Kolumne "Ich habe verstanden": Sieben Wochen ohne

Seit Aschermittwoch ist Fasten mal wieder ein großes Thema. Viele verzichten dabei auf Alkohol, Schokolade oder Fleisch – davon profitiert dann wahrscheinlich auch die Figur. Matthias Kalle setzt da andere Prioritäten.

Das Fasten war ja in dieser Woche ein großes Themen, vor allem das Heilfasten, und dass das ein Thema war, lag natürlich am Aschermittwoch, an dem ja alles vorbei sei soll, aber ich glaube, dass da auch so eine generelle Sehnsucht dahintersteckt.

Und ich meine jetzt nicht die Sehnsucht nach einer schlankeren Figur. Obwohl. Vielleicht auch. Ein bisschen jedenfalls. Eine Kollegin jedenfalls überraschte mich diese Woche mit dem Satz: „Summer bodies are made in winter“ – in etwa also: im Winter quälen, im Sommer super aussehen. Die Kollegin ärgerte sich nur ein bisschen, dass es ja dieses Jahr gar keinen richtigen Winter gab.

Es gibt dafür wieder die neue Staffel von „Germany’s Next Topmodel“ und von einer Sendung, die ich noch nie gesehen habe, weil sie „The biggest Loser“ heißt. Bei „Germany’s Next Topmodel“ hat in der ersten Folge Heidi Klum eine Kandidatin nicht weiter gelassen, weil sie ihr zu dünn schien – bei „The biggest Loser“ werden Kandidaten nicht weiter gelassen, wenn sie zu dick bleiben. Das deutsche Fernsehen kann halt doch sehr kompliziert sein.

Der Magerwahn treibt seltsame Blüten

Vor kurzem habe ich irgendwo gelesen, dass es sehr schlimm sei, dass in Deutschland schwangere Frauen darauf achten würden, nicht zu viel zuzunehmen. Der „Magerwahn“, das war wohl die Botschaft des Textes, „treibe seltsame Blüten“. Eben erst wurde allerdings seitens der Ärzteschaft Alarm geschlagen: Schwangere würden nicht mehr auf ihr Gewicht achten, sie ließen sich gehen, seien nach neun Monaten viel zu dick – und das würde große Probleme bei der Geburt bereiten.
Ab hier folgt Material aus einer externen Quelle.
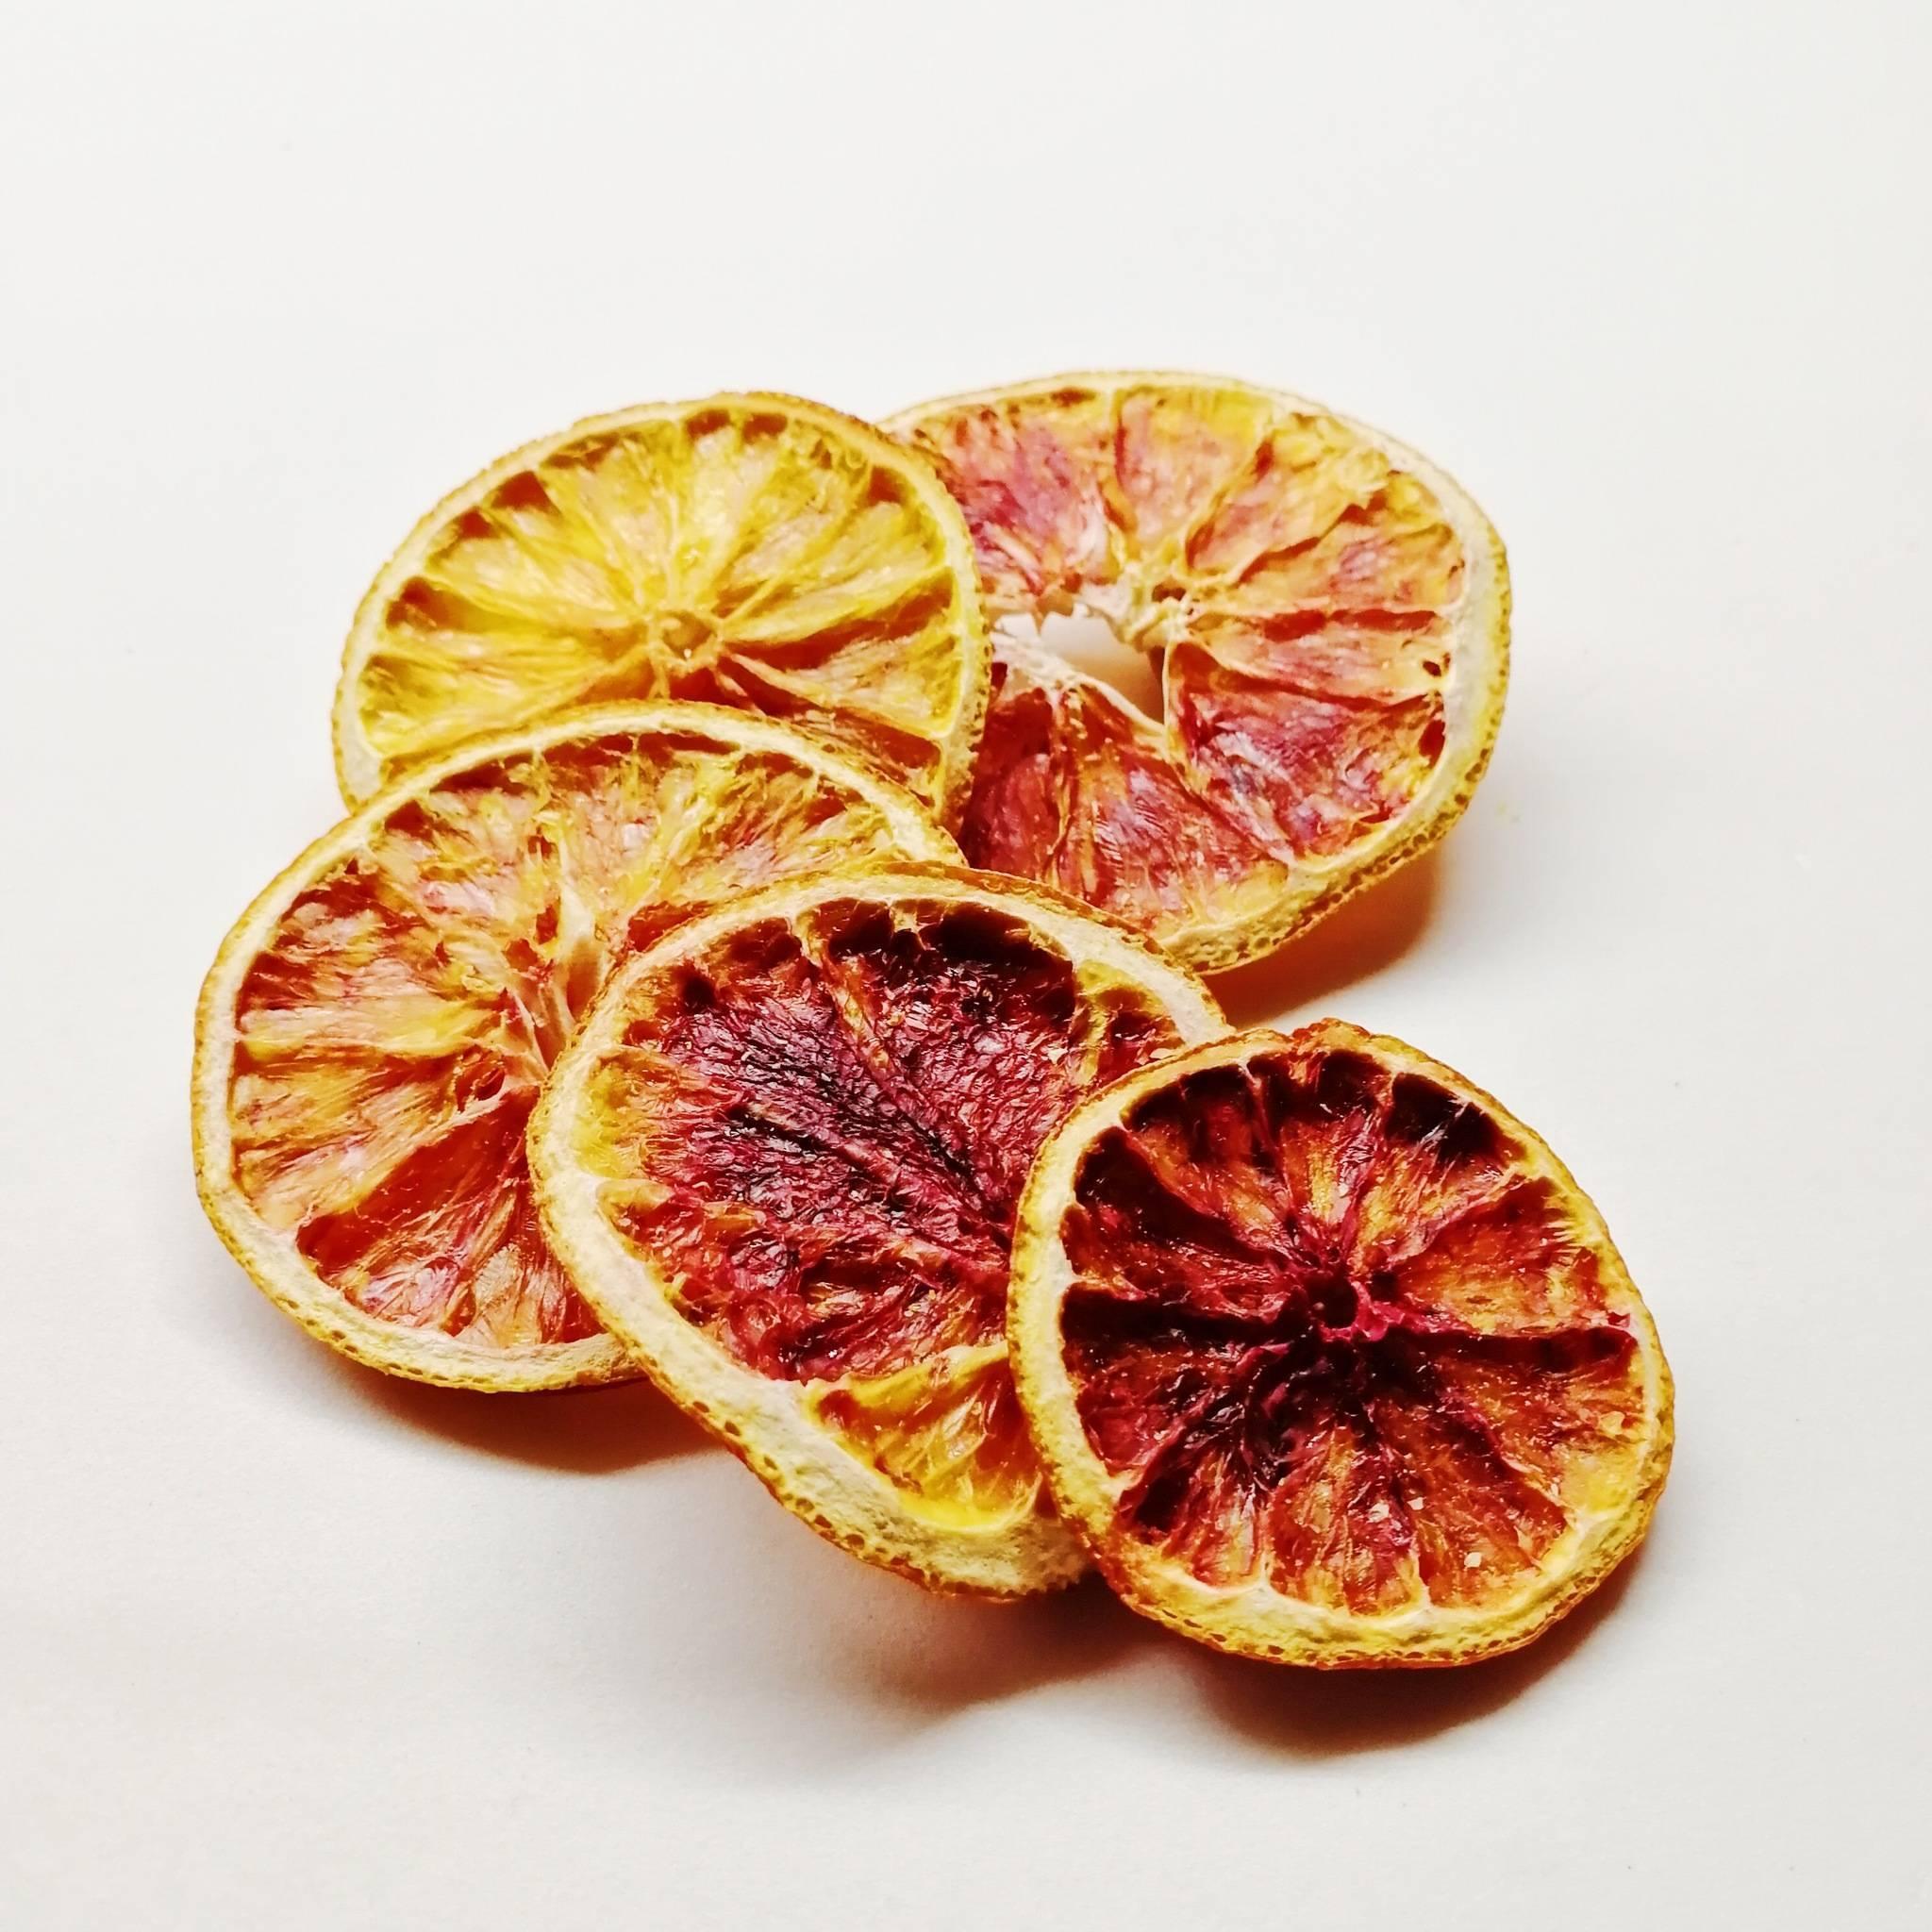 Сицилийский апельсин: фото растения с красными кровавыми плодами, уход, полезные свойства

Ich kenne einige, die jetzt bis Ostern kein Fleisch mehr essen, keinen Alkohol mehr trinken und die Finger von Süßigkeiten lassen. Wahrscheinlich nimmt man dadurch auch ab, aber das ist wohl nicht das Entscheidende. Es geht eher darum, zu verzichten, ganz bewusst, nicht weil man sollte, sondern weil man es kann. Und weil man sich dadurch vielleicht auch Kraft und Mut holen kann, um sich auf das Wesentliche zu besinnen und lernt zu unterscheiden: zwischen dem, von dem man sich trennen kann (weil es Ballast ist, den man mit sich rumschleppt), und dem, was einem wirklich wichtig ist, auf das man nicht verzichten möchte, von dem man sich nicht trennen kann.
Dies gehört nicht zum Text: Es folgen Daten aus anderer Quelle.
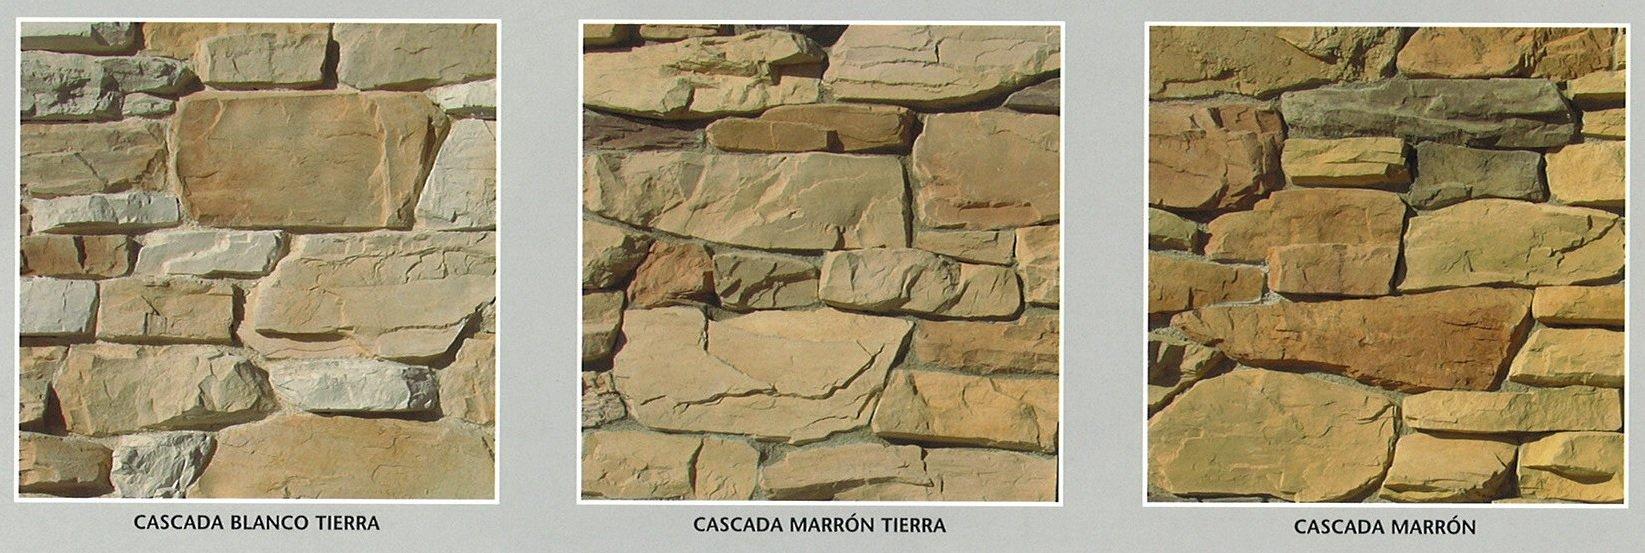 piedra cultivada cascada modelos

Kein „Wetten, dass...?“ oder schlechte Krimis

Ich habe weder Übergewicht noch gesundheitliche Probleme, meine Ernährung ist ausgewogen, aber dennoch mache ich mit bei „Sieben Wochen ohne“, das habe ich mir gerade überlegt. Sieben Wochen werde ich also auf folgendes verzichten: „Wetten, dass...?“ schauen; heimlich schlechte Krimis lesen; in Jogginghose den Müll wegbringen; nicht ans Telefon gehen wenn es klingelt; bei Fußballspielen im Fernsehen auch die Vor- und die Nachberichte gucken; „gleich“ sagen obwohl ich „später“ meine.

Ansonsten bin ich eigentlich ein anständiger Mensch.